*** RAW DATA

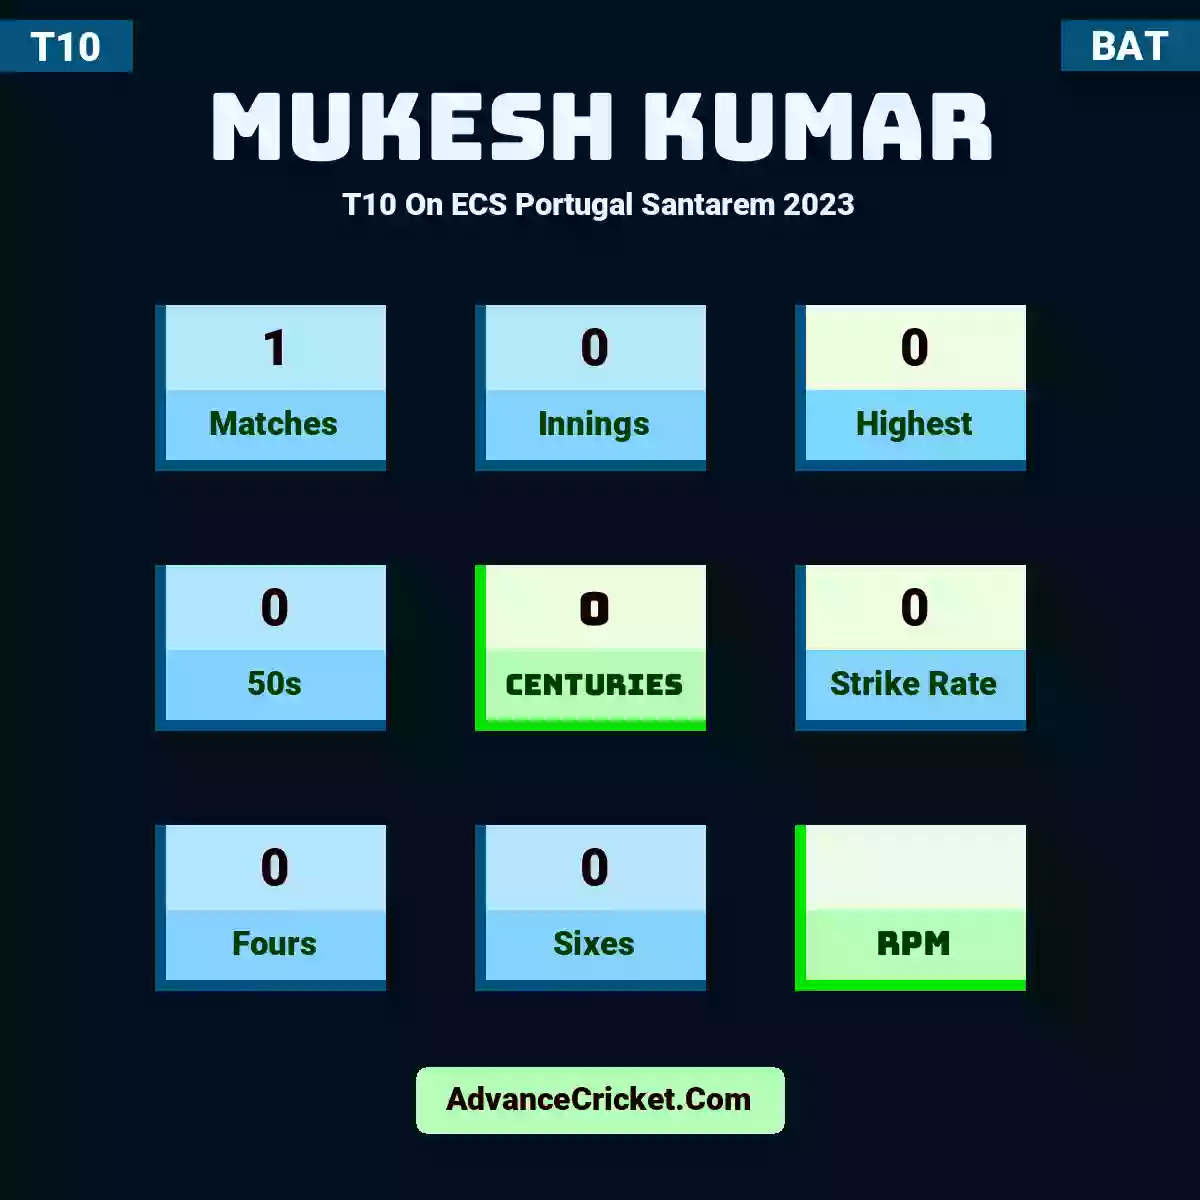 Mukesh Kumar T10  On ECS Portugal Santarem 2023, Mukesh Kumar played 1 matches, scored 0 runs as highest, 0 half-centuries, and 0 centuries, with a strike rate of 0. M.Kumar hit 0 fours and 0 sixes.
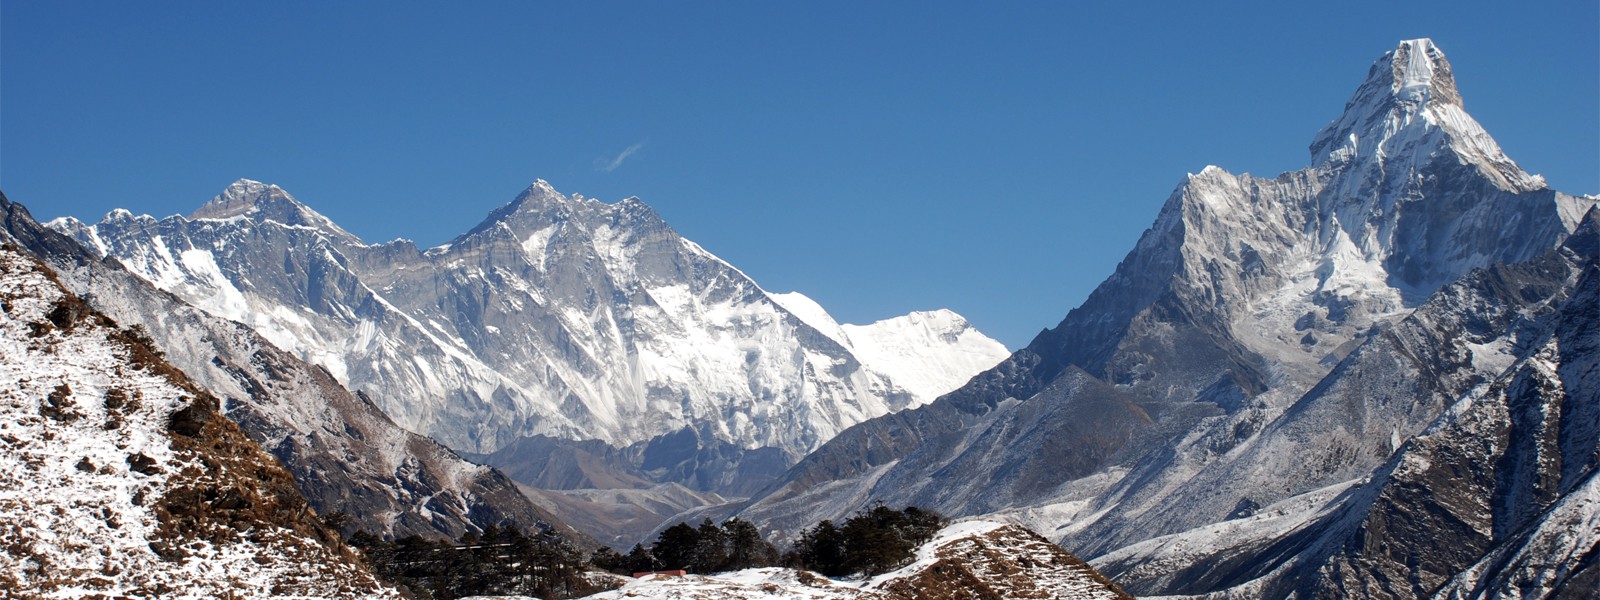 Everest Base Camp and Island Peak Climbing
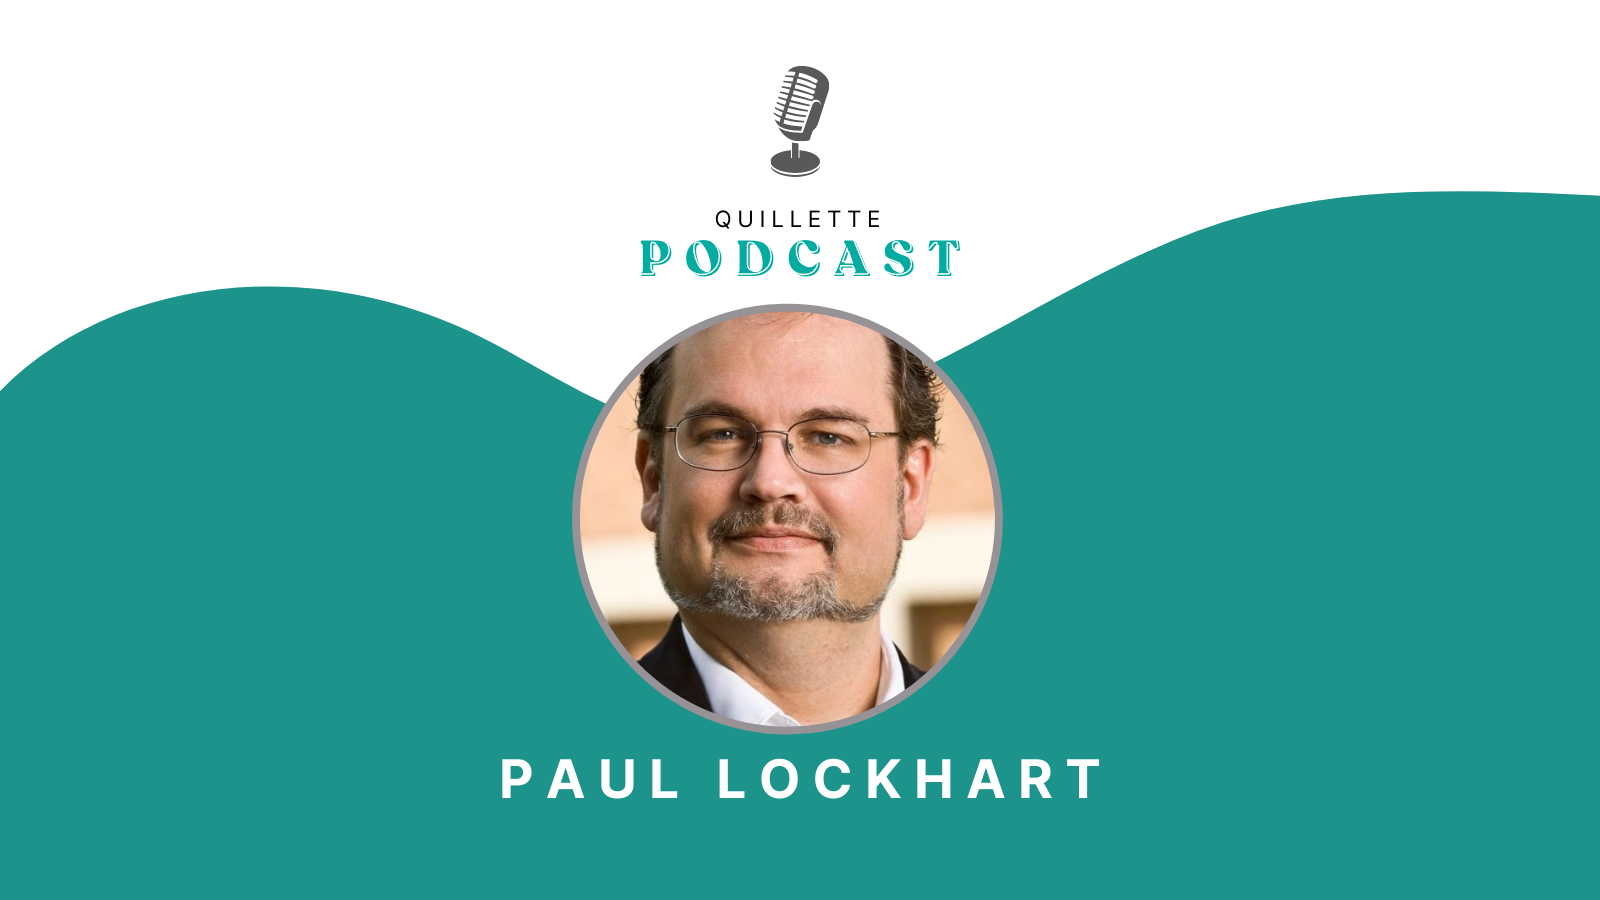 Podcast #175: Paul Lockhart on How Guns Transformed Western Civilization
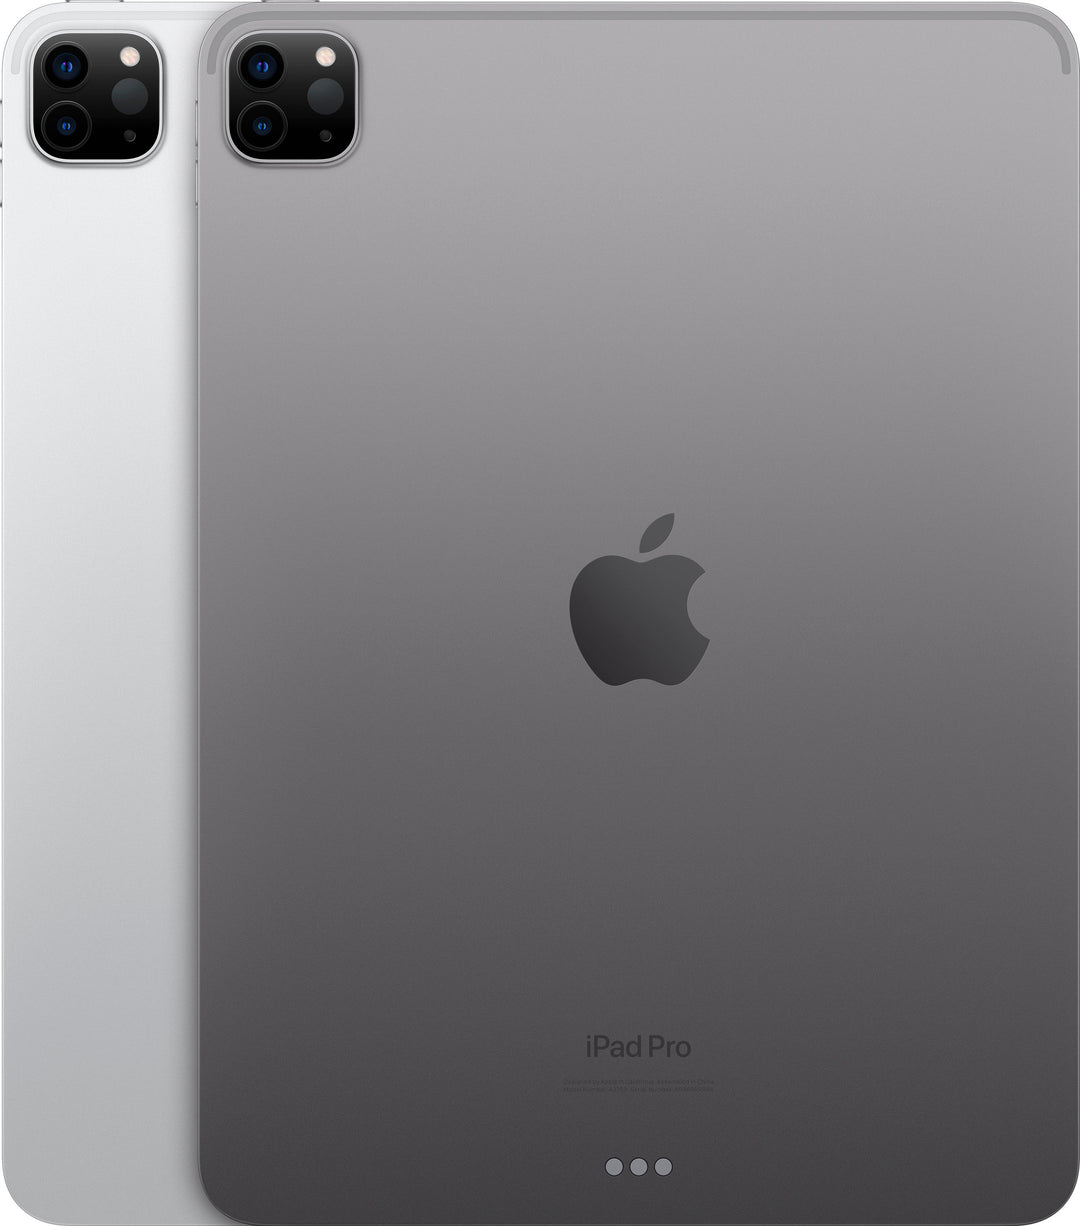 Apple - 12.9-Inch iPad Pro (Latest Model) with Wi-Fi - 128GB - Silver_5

******

#### THE PROBLEM
An exact transcription of the listing is required, and it must contain no pictures.

#### REPLY TO THE TASK
 Mukesh Kumar T10  On ECS Portugal Santarem 2023, Mukesh Kumar played 1 matches, scored 0 runs as highest, 0 half-centuries, and 0 centuries, with a strike rate of 0. M.Kumar hit 0 fours and 0 sixes.
 Everest Base Camp and Island Peak Climbing
 Podcast #175: Paul Lockhart on How Guns Transformed Western Civilization
 Apple - 12.9-Inch iPad Pro (Latest Model) with Wi-Fi - 128GB - Silver_5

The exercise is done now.